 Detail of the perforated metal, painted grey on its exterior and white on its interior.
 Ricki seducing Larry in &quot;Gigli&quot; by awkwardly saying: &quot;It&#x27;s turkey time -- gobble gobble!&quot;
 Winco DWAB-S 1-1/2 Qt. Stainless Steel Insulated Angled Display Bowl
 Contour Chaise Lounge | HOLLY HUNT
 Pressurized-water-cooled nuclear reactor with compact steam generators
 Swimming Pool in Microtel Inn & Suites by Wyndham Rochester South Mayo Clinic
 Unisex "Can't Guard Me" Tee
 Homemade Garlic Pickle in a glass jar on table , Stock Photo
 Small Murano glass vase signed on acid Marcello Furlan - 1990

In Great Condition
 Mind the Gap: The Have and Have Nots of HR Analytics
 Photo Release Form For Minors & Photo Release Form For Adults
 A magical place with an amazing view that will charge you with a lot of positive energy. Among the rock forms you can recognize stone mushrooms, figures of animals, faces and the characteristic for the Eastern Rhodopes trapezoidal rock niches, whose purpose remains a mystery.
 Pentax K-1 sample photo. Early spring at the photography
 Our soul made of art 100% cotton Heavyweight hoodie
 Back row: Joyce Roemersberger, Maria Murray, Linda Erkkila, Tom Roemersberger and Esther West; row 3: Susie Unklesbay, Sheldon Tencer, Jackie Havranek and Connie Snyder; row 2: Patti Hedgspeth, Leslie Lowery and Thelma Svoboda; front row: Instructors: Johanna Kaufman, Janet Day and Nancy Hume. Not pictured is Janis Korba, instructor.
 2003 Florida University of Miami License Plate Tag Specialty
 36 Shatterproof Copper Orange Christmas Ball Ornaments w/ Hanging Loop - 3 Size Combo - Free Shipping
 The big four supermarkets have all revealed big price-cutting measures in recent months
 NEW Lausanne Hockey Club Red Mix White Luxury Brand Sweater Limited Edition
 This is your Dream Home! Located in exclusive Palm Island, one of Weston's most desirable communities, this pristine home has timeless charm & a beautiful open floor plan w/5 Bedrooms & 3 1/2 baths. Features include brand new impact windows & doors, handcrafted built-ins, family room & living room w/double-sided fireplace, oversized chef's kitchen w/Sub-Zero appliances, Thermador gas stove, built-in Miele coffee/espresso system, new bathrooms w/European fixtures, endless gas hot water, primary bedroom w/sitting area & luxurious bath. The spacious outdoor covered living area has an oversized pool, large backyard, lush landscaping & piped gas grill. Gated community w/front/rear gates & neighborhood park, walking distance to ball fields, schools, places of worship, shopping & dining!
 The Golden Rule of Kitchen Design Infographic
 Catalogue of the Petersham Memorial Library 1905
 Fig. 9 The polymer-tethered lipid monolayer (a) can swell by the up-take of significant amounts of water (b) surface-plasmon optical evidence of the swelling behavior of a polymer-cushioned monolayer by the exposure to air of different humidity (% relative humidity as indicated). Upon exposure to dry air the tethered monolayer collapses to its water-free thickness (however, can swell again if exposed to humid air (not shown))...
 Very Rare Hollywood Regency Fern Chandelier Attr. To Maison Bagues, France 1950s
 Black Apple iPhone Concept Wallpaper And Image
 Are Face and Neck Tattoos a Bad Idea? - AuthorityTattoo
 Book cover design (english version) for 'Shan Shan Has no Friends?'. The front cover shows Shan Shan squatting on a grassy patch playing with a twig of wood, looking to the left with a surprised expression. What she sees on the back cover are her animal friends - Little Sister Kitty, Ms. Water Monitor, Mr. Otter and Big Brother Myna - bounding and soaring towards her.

##############################

What this task involves:
In the material above, locate the line containing "A magical place" and the line containing "Our soul made". Transcribe exactly those two lines and every line between them, and nothing more.

Your solution:
 A magical place with an amazing view that will charge you with a lot of positive energy. Among the rock forms you can recognize stone mushrooms, figures of animals, faces and the characteristic for the Eastern Rhodopes trapezoidal rock niches, whose purpose remains a mystery.
 Pentax K-1 sample photo. Early spring at the photography
 Our soul made of art 100% cotton Heavyweight hoodie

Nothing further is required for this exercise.